I would say that if one round in a box is underpowered, there is a fair chance they all will be.


----------



## WaltP

Thanks, pblanc. Makes sense. It's just I'd hate for it to happen the moment I'm relying on the ammo for something more serious than target practice (which I hope never happens).


----------



## Craigh

This is one reason I don't use 115 grain ammo as practice or carry ammo. That bullet weight in slightly under powered loads can and will fail at times. I've long moved up to 124 grain for both. It will be a very slight bit more expensive and I mean very slight, but well worth the extra confidence offered. I try to be at 124 grn and around 1120 feet per second for both practice and carry. The only firearm I've ever had fail me with 115 grn. FMJ was my Glock 19 but I think 115 grn is marginal in any handgun. Not worth risking one's life when just a tad more will get the job done.


----------



## win231

This is a well-known issue with Gen 4 Glocks & Federal Champion ammo - along with weak & erratic ejection with brass hitting the shooter's face. It led to Glock sending many customers replacement recoil springs.


----------



## Craigh

win231 said:


> This is a well-known issue with Gen 4 Glocks & Federal Champion ammo - along with weak & erratic ejection with brass hitting the shooter's face. It led to Glock sending many customers replacement recoil springs.


So much for "Glock Perfection." Of course my Glock 19 is a Gen 3.


----------



## rustygun

I have ran thousands of cheap 115 grain ammo through my Gen 4 glock 17 without issue. My Glock 19 has less than a thousand rounds and it is the same way no issue with 115 grain cheap stuff. What I wonder is if with the ammo being lower power would there be a better chance to limp wrist the gun?


----------



## Craigh

rustygun said:


> I have ran thousands of cheap 115 grain ammo through my Gen 4 glock 17 without issue. My Glock 19 has less than a thousand rounds and it is the same way no issue with 115 grain cheap stuff. What I wonder is if with the ammo being lower power would there be a better chance to limp wrist the gun?


I don't know, personally. Glock may have fixed the weak 9mm issues it had when the Gen4 came out. I don't hear of it much anymore. Besides, and in my personal opinion, limp wristing is often an excuse used when someone's Glock fails to perform. I think any handgun should run no matter how limp wristed it is held. It just should. One day I hope that particular excuse will no longer be acceptable. After break-in a defensive carry gun shouldn't get a pass. I would not want my daughter to die because it was said she limp wristed her firearm during an emergency situation.


----------



## win231

rustygun said:


> I have ran thousands of cheap 115 grain ammo through my Gen 4 glock 17 without issue. My Glock 19 has less than a thousand rounds and it is the same way no issue with 115 grain cheap stuff. What I wonder is if with the ammo being lower power would there be a better chance to limp wrist the gun?

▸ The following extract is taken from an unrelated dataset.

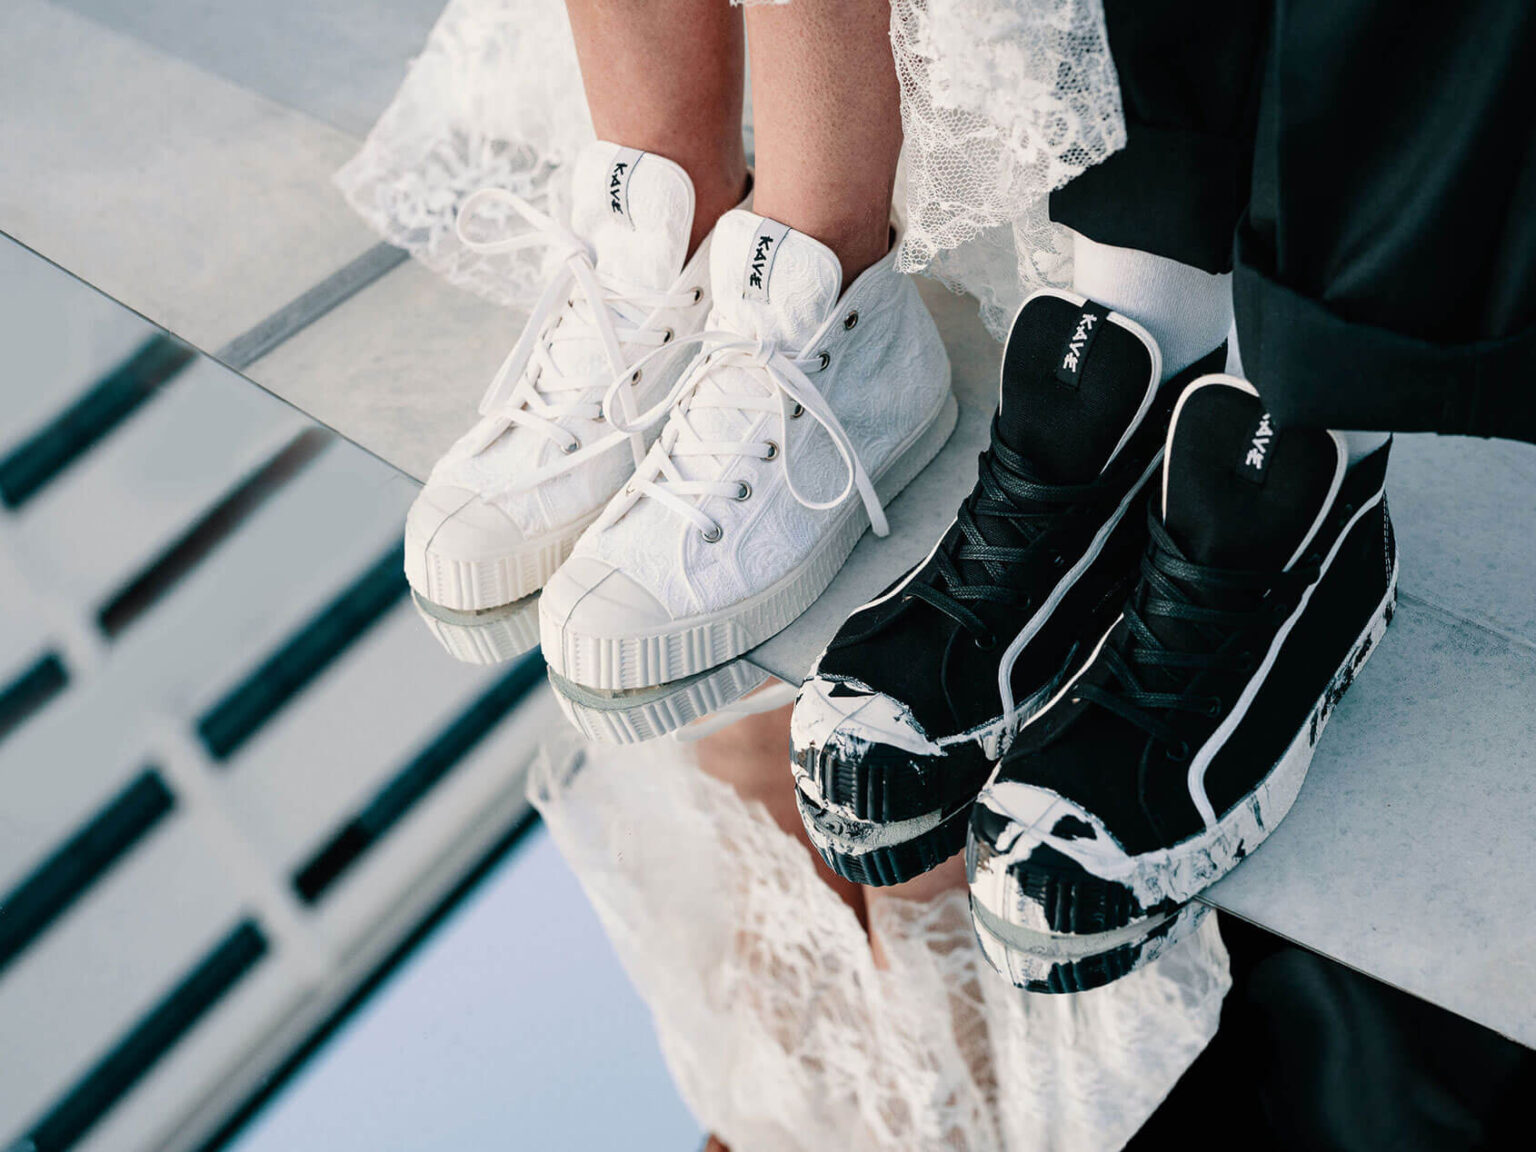 kave-footwear-svatebni-tenisky-1536x1152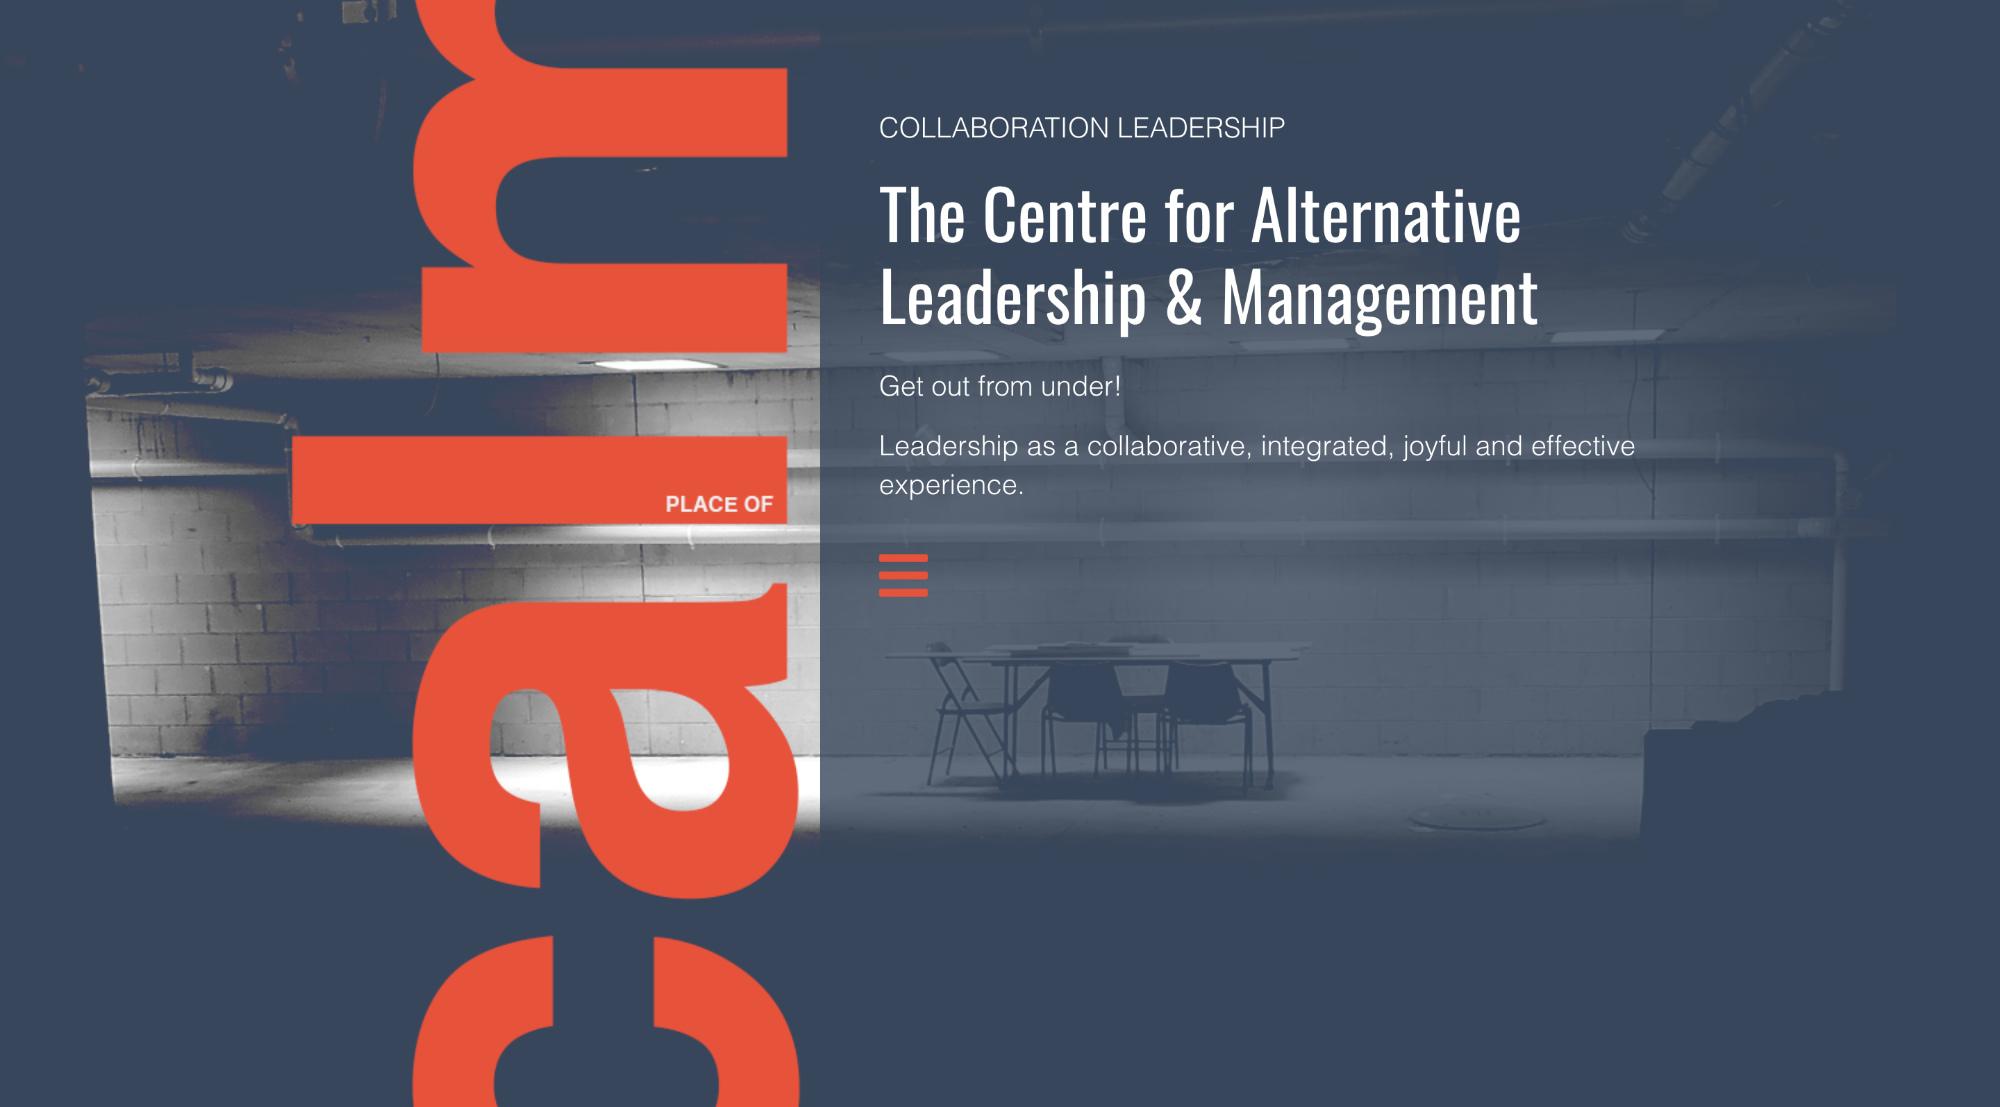 Collaboration Leadership

You may have purchased it after Glock updated the recoil springs.


----------



## win231

Craigh said:


> I don't know, personally. Glock may have fixed the weak 9mm issues it had when the Gen4 came out. I don't hear of it much anymore. Besides, and in my personal opinion, limp wristing is often an excuse used when someone's Glock fails to perform. I think any handgun should run no matter how limp wristed it is held. It just should. One day I hope that particular excuse will no longer be acceptable. After break-in a defensive carry gun shouldn't get a pass. I would not want my daughter to die because it was said she limp wristed her firearm during an emergency situation.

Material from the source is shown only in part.